## What the exercise asks
With the pictures omitted, write out all of the listing exactly.

## Data below

------------------------------------

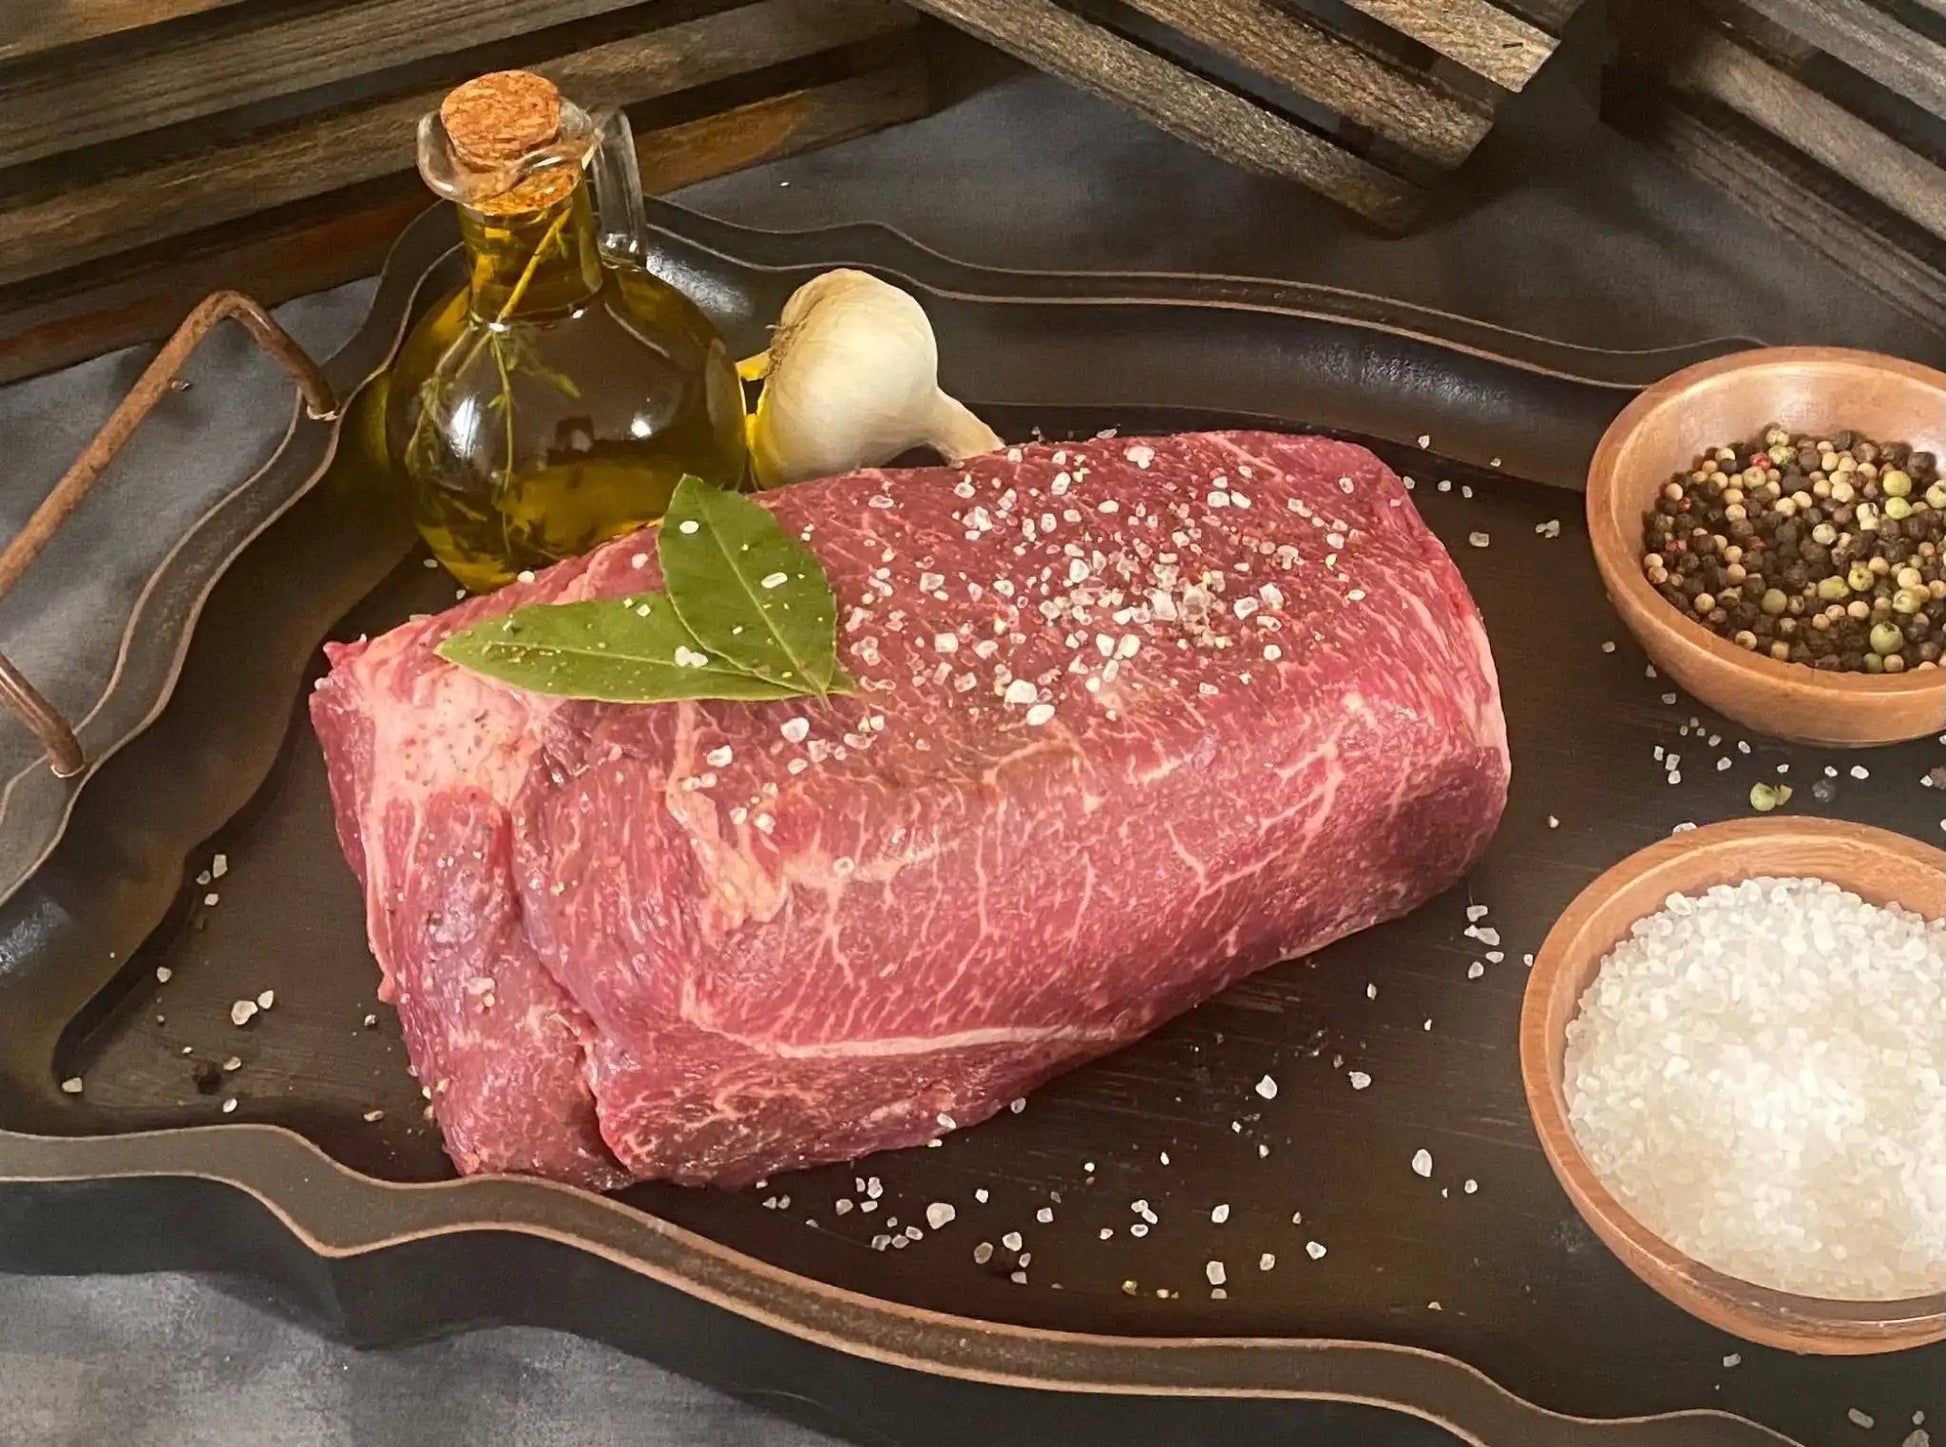 100% All-Natural Grass-Fed American Wagyu Arm Roast - The Hufeisen-Ranch (WYO Wagyu)
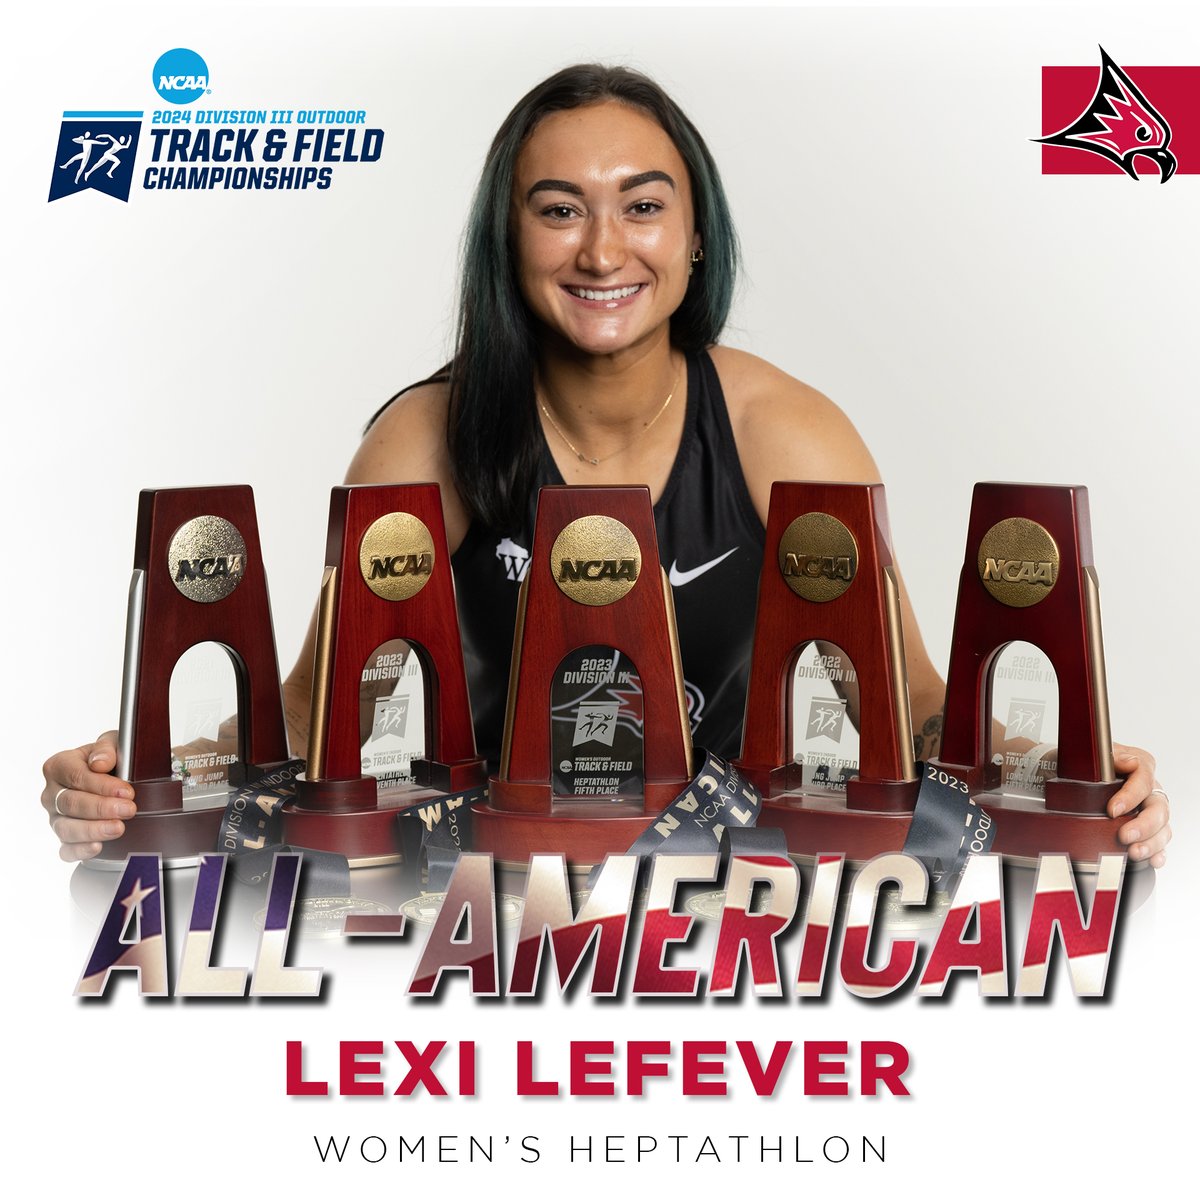 Heck of a way to wrap up your decorated career, Lexi 🇺🇸 LeFever finished 6th in the women's heptathlon at the NCAA Outdoor Championships with 4,871 points to earn her sixth career All-America honor 🏆🏆🏆🏆🏆🏆 #FFT
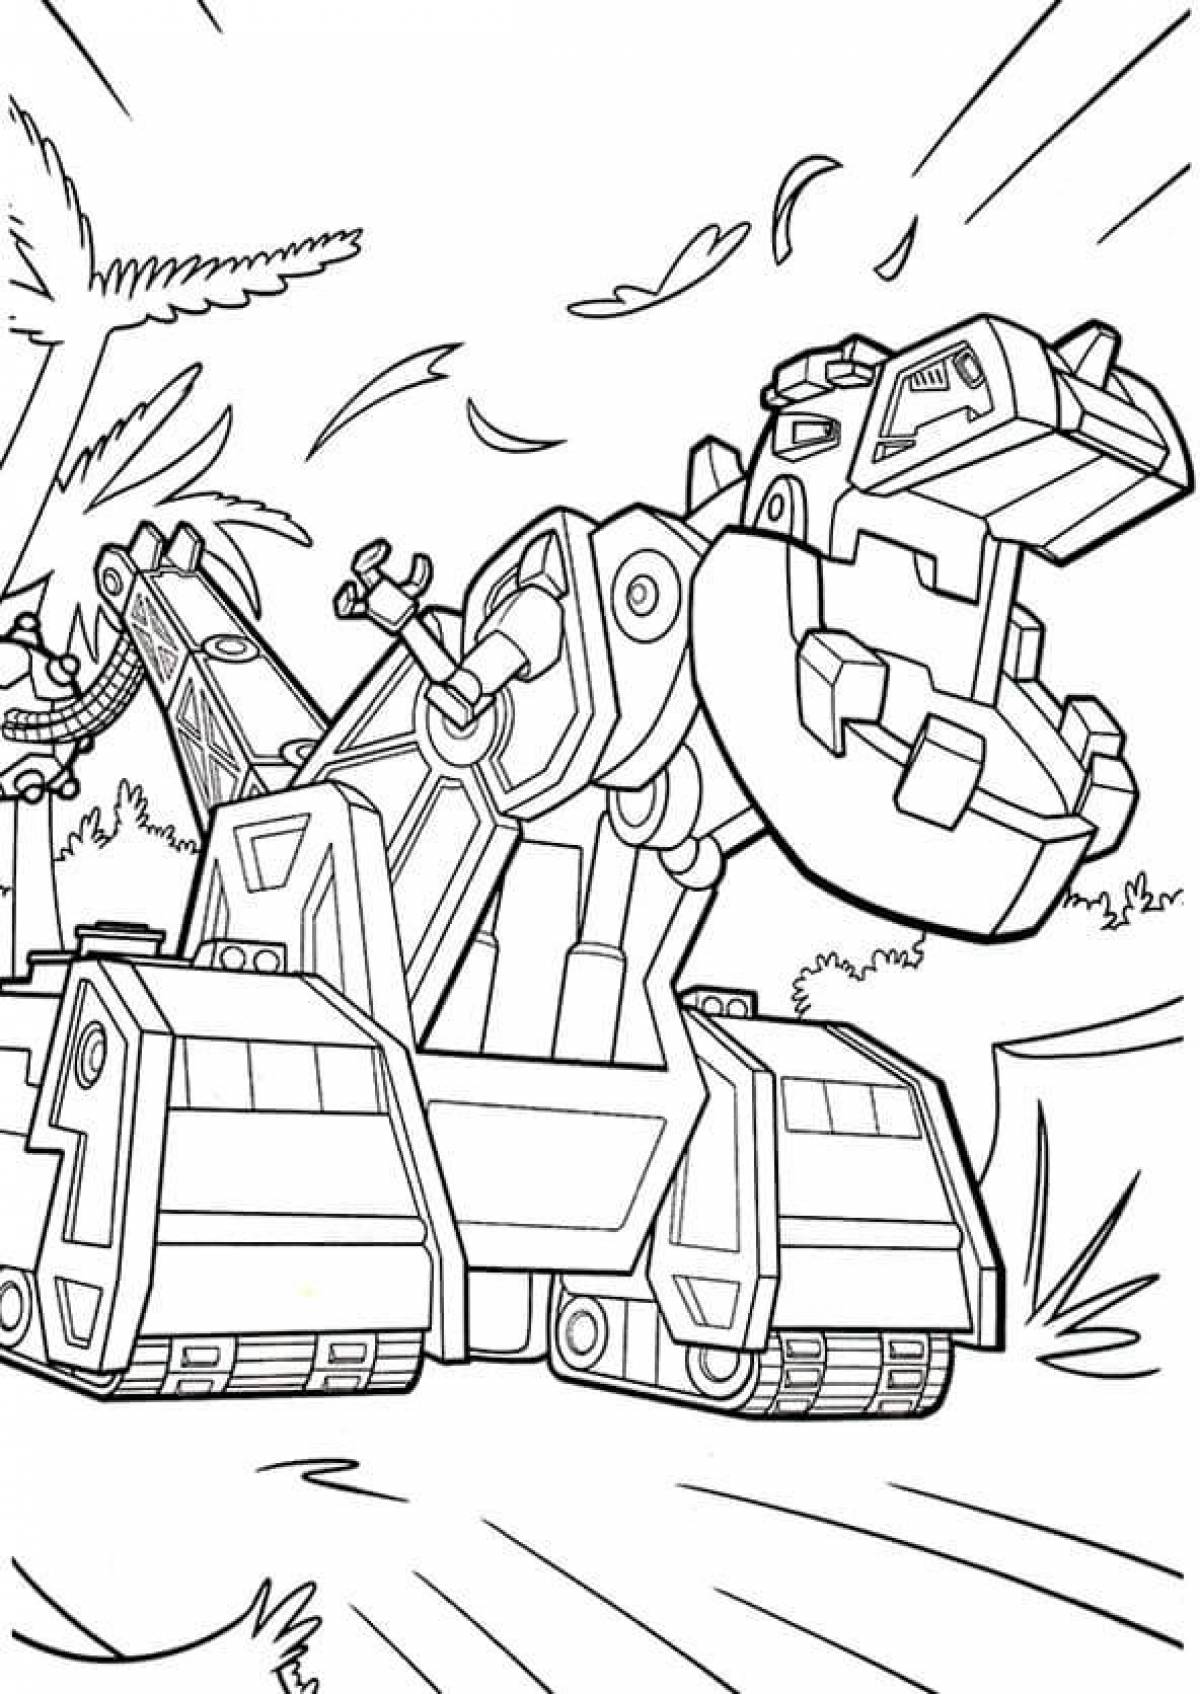 Awesome dino team coloring book

------------------------------------

## Result for this task
 100% All-Natural Grass-Fed American Wagyu Arm Roast - The Hufeisen-Ranch (WYO Wagyu)
 Heck of a way to wrap up your decorated career, Lexi 🇺🇸 LeFever finished 6th in the women's heptathlon at the NCAA Outdoor Championships with 4,871 points to earn her sixth career All-America honor 🏆🏆🏆🏆🏆🏆 #FFT
 Awesome dino team coloring book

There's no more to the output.